On Mon, Jun 16, 2008 at 7:52 PM, Andrew Lentvorski <[EMAIL PROTECTED]> wrote:
> Bob La Quey wrote:
>>
>> On Sun, Jun 15, 2008 at 7:08 PM, Gus Wirth <[EMAIL PROTECTED]> wrote:
>>>
>>> Bob La Quey wrote:
>>> [snip]
>>>>
>>>> For your amusement here is a FOSS twitter server written in Erlang.
>>>>
>>>>
>>>> http://yarivsblog.com/articles/2008/05/28/announcing-twoorl-an-open-source-erlyweb-based-twitter-clone/
>>>>
>>>> Maybe this is the next Apache :)
>>>
>>> Erlang! Cool, I'm studying Erlang from the "Programming Erlang: Software
>>> for
>>> a Concurrent World" book by Joe Armstrong that I got at one of the
>>> raffles
>>> (need to write a book report). Erlang is a great language for doing
>>> protocols.
>
> Uh, yeah.  Erlang is good for protocols like no other language I have ever
> seen.  In particular, the main programming paradigms map to state machines
> phenomenally well.  And, Erlang has a *great* way of reading and writing
> binary blobs of bits and bytes.
>
>>>
>>> Gus
>>
>> I suspect this application is a particularly good use of Erlang. So
>> probably a good way to learn Erlang. If, that is, the guy who wrote it
>> is any good.

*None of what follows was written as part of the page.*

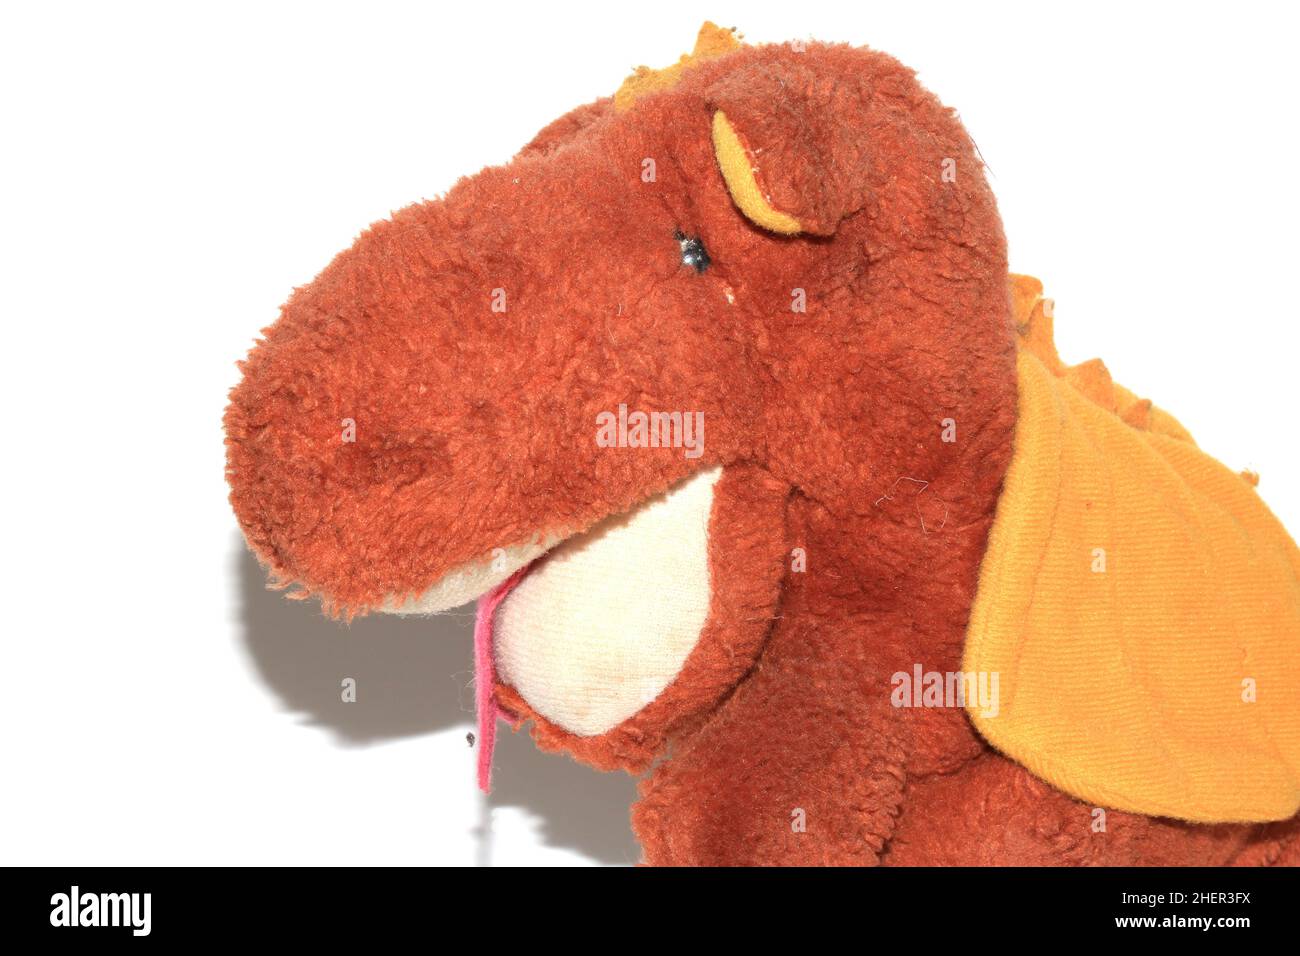 A Nostalga Old Stuffed Soft Toy Dragon Dinosaur Stock Photo
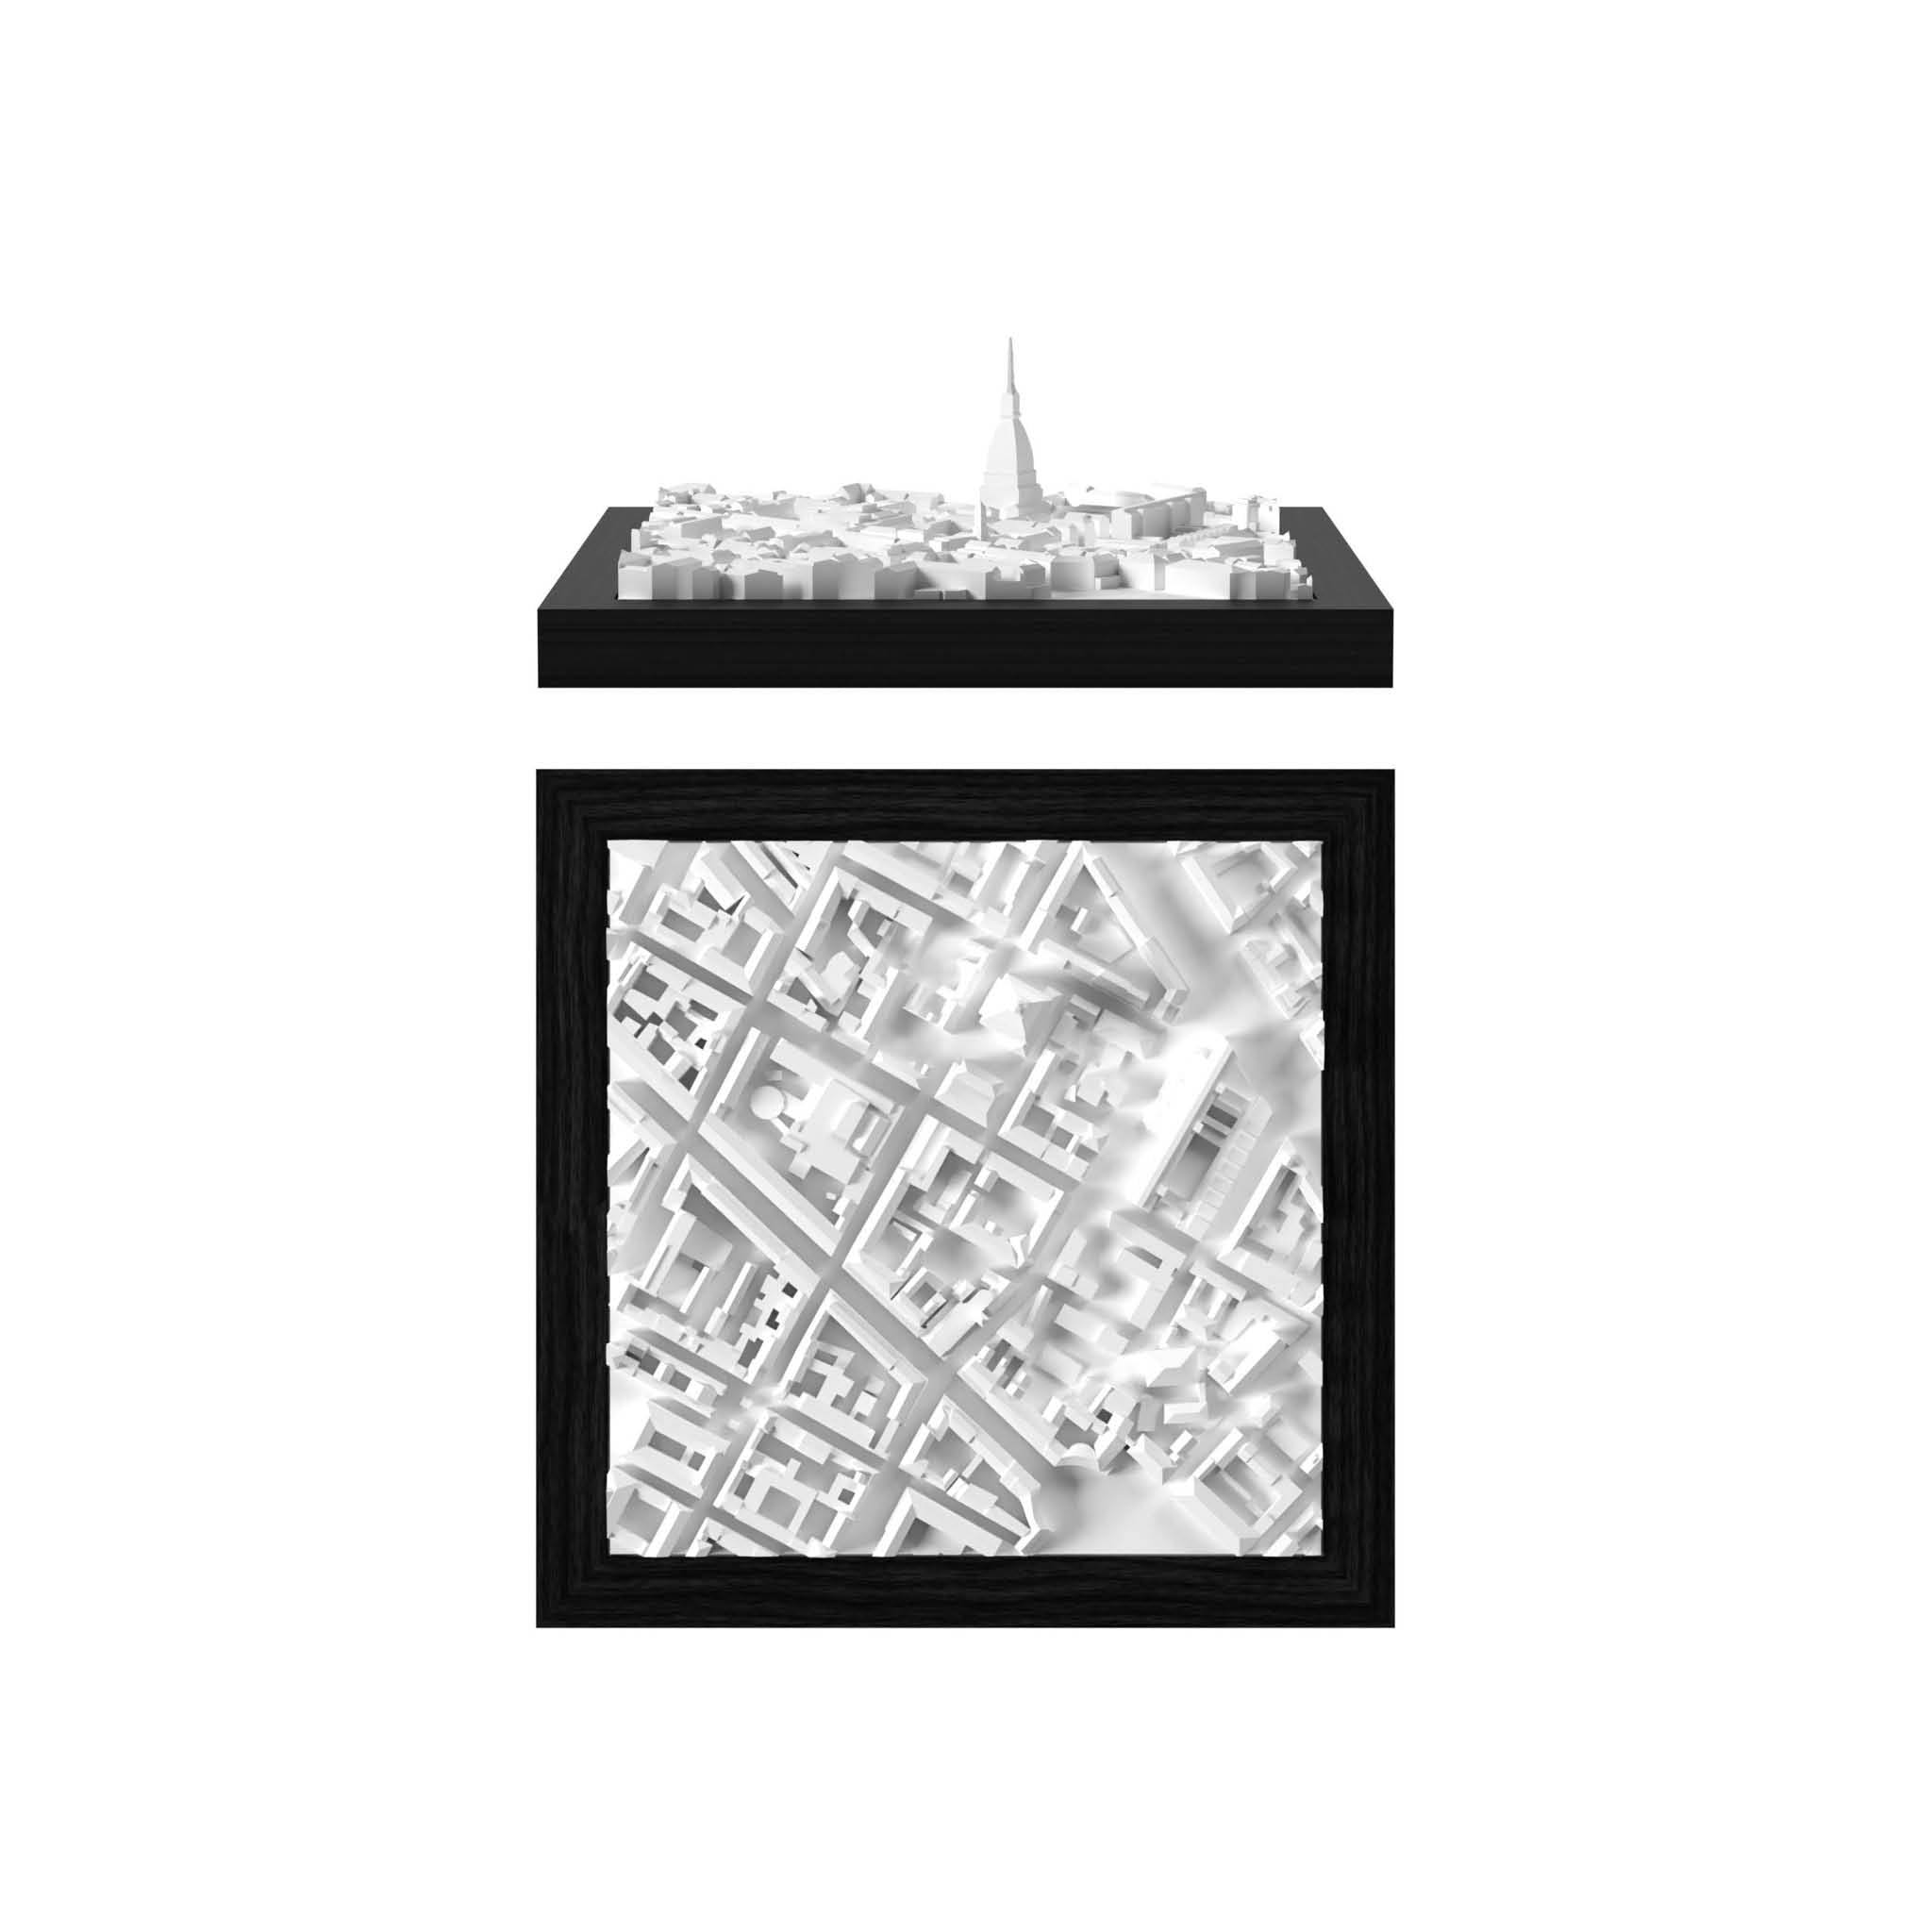 Turin 3D City Model Cube, Europe - CITYFRAMES

Always a proviso no matter what the language or application.
>
> Yariv seems pretty good from reading his writings.
>
> The only caveat I would give is that Twoorl doesn't really do what Twitter
> does with the views and stuff.
>
> Twitter is a nasty application to have to architect.  The way they set it
> up--everybody has their own view of the Tweets.  Consequently, the system
> winds up with an O(N^2) storm of stores and reads.

Yep. That is precisely the problem.

> Think about the problems that IRC would have if it was required to store all
> conversations and replay the whole thing everytime someone logged on.
>
> Twiiter is effectively IRC with persistence.  And that makes it *hard*.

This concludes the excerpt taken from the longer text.